Complications is about the incredible complexity of modern medicine. But it’s really about the humanity of the physician. No matter how much skill and training one has, mistakes and failures are inevitable, because the doctors from whom we expect superhuman ability are fallible human beings, just like their patients.
Better is about how to improve doctors’ performance. But it’s really about the importance of character. Doctors have all the training, skill and expertise they require. What’s needed are diligence, the wisdom to do the right thing, and ingenuity. Sometimes I wonder if, in ministry, we are intentional enough about trying to improve our performance, and how we would measure that improvement.
The Checklist Manifesto is about how a simple tool can make an enormous difference.  Gawande argues that medicine’s shortcomings will not be improved by more information. The problem is that there is so much information, it’s beyond the capacity of the human brain to cope with. Gawande helped to develop a simple surgical checklist that has drastically reduced complications and deaths from surgery worldwide.  I wonder what simple tools we could devise in ministry to be more effective at what we already know how to do?
Being Mortal: Medicine and What Matters Most is about the health care system’s inability to deal with the frail elderly and the terminally ill. Modern medicine is about curing disease and fixing what’s broken. But what do you do with someone who cannot be cured or “fixed.” Modern medicine, Gawande argues, is in a state of denial about the basic fact of human existence: we are mortal creatures who eventually break down and die. What does it mean to help people experience the fullest life possible, right up to the very end?

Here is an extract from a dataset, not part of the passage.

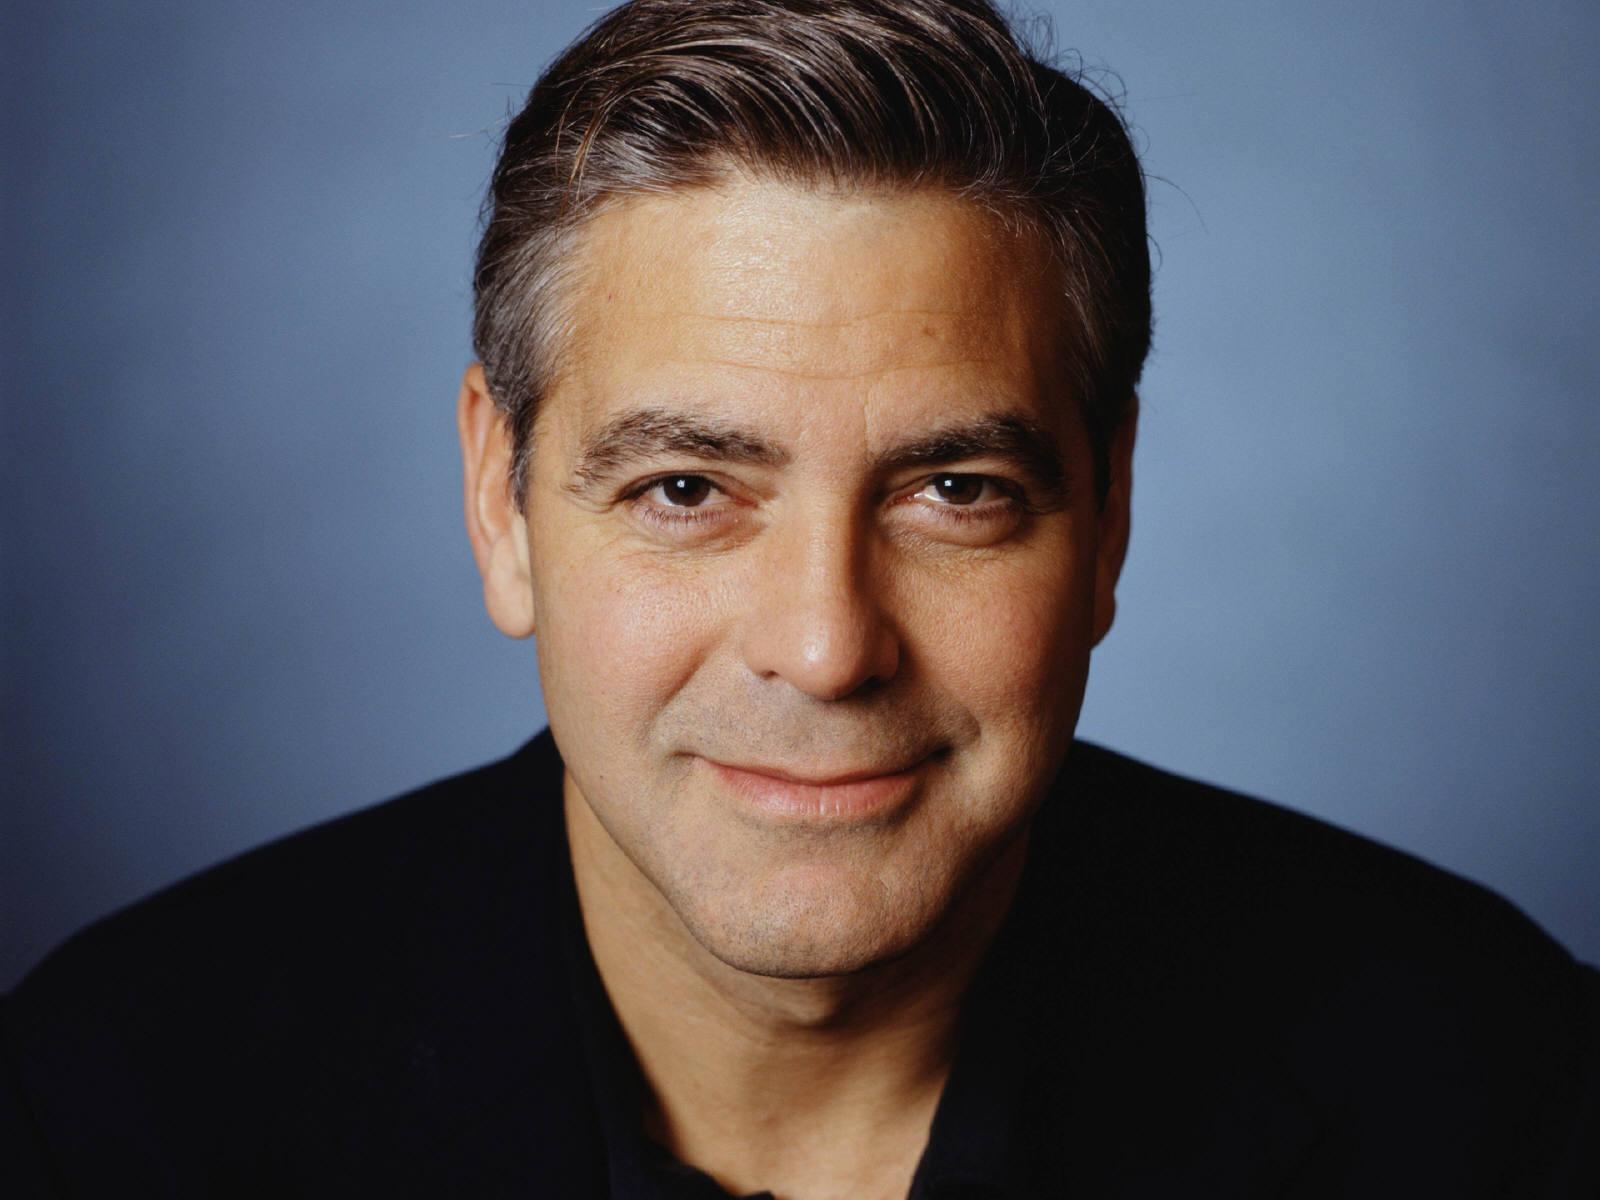 ¿Cuánto sabes sobre…? El actor George Clooney

These questions cut to the heart of what we are facing as churches. Like so many of our individual members, many congregations are getting old, breaking down, coming to the end of their life cycle. My work as Presbytery Support Minister has shown me how we tend to discount those congregations because they can’t be “fixed” – and how we fail to nurture the life that is still in them to the full. What "matters most" in the situations in which our churches find themselves?  

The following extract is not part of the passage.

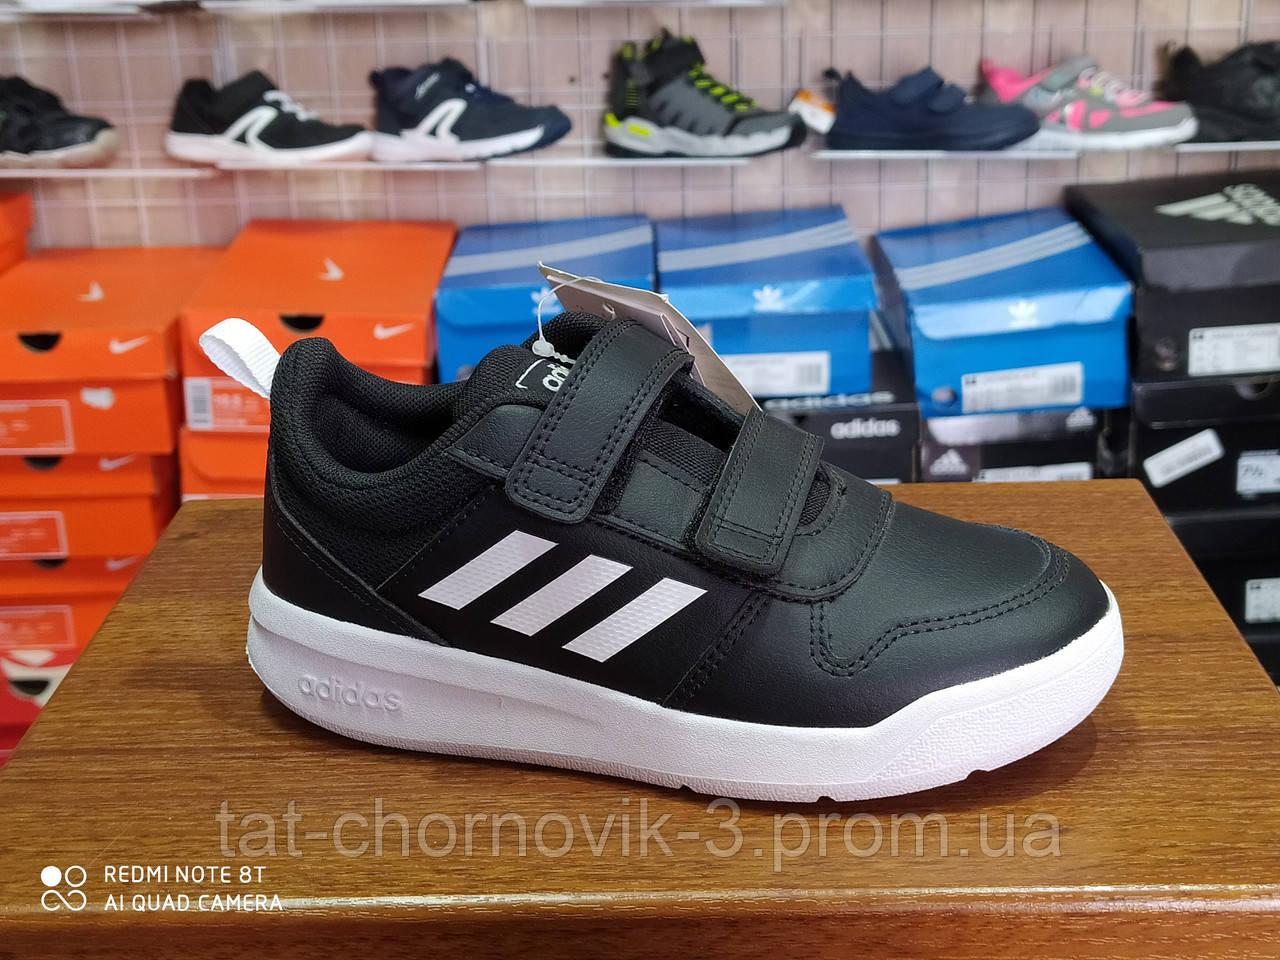 Кроссовки детские Adidas TENSAURUS C  art. EF1092

But the implications of what Gawande is saying go beyond the issues of terminal illness or frail old age. He’s talking about living a full, rich and meaningful life even as we honestly face of the limitations of our mortality. "What matters most?" is a basic question at every stage of our lives.
Surely the Christian community should have something profound to say about this. We claim to have some insights into what matters most . Isn’t mortality one of the great themes of the Bible? Isn’t seeing mortality as a promise to be lived into, not a problem to be fixed, central to the Christian vision? Could renewal in our churches be less about institutional expansion and more about empowering people to engage with these questions in their own lives, especially as our society ages?
Sometimes I think the thing we need to do is read less about what to do about the church’s problems, and ponder more deeply what it means to be human in God’s world. And if we can help people on that journey, we’ll never need to worry about being “relevant.”
In future posts, I’m going to delve further into Atul Gawande’s books. I’d recommend them to anyone. They’re easily accessible and highly interesting and readable.